Three weeks on the float.
The Diggory was crippled, drifting in the dark between two stars. The failed attempt to evade the Mercurial had seen their rift drive take a direct hit from their new enemy's rail gun. The round had shredded the drive irreparably, a wide gash in the ship's starboard hull, exposing the drive and much of the lower crew quarters and all of engineering to the void.
This left them somewhere between outer Sovereignty space and the Vass system of Ak Avo, though the navigation computer could not triangulate their exact location.
Things weren't all bad. Saul had managed to regain control of his sullen crew in the absence of Dupahl nor anything remotely eventful. As far as everyone was concerned, they were quite literally in the same boat.
Belcia still wasn't talking to him, and Saul hadn't expected much else from her. As far as he knew, in his bones, he had earned her distrust. Lisa, his victim, turned hostage turned medical patient, had glued herself to Belcia, showing little interest in mingling with the rest of her ill-begotten crewmates.

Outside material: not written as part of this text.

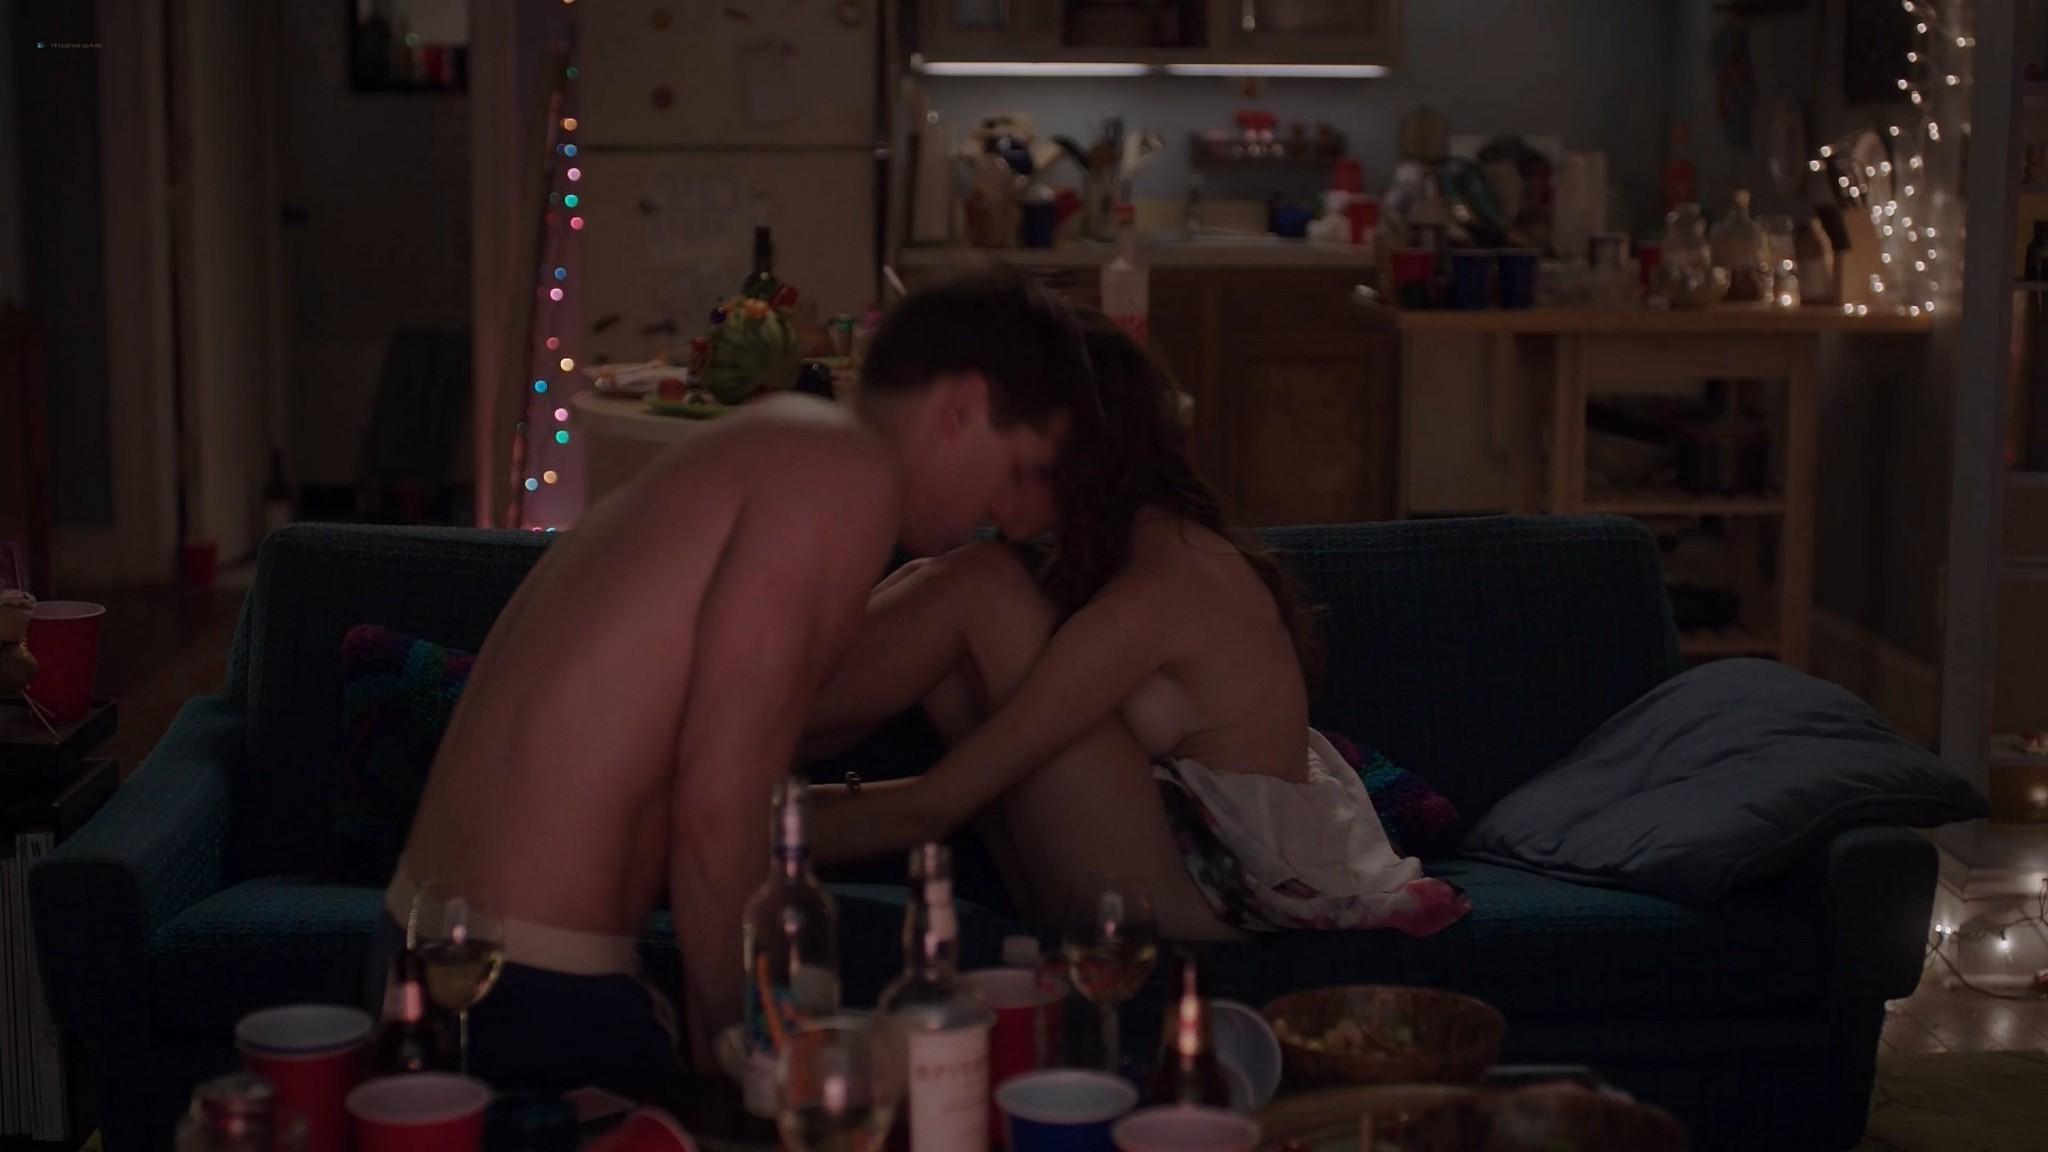 Allison Williams sex Lena Dunham nude Zosia Mamet hot Jemima Kirke nude Girls 2012 s2e1 5 1080p Web 2

Tidus did speak to him, though keeping his words short, strictly restricting their interactions to the repair of the Diggory, as well as the detainment of Dupahl's cronies that were now packed into a makeshift brig taking up half of the mess hall.
Aiden came around to Saul's cabin every now and then, being one of the few places spared from the damage of the blast, to play a few hands of cards. They talked, sure, but mainly Saul kept him around to keep his mind off of everything else.
Between Aiden and Marge the cow, who Saul had to put into a medically induced coma to survive the lack of gravity, Saul didn't seem to have many friends.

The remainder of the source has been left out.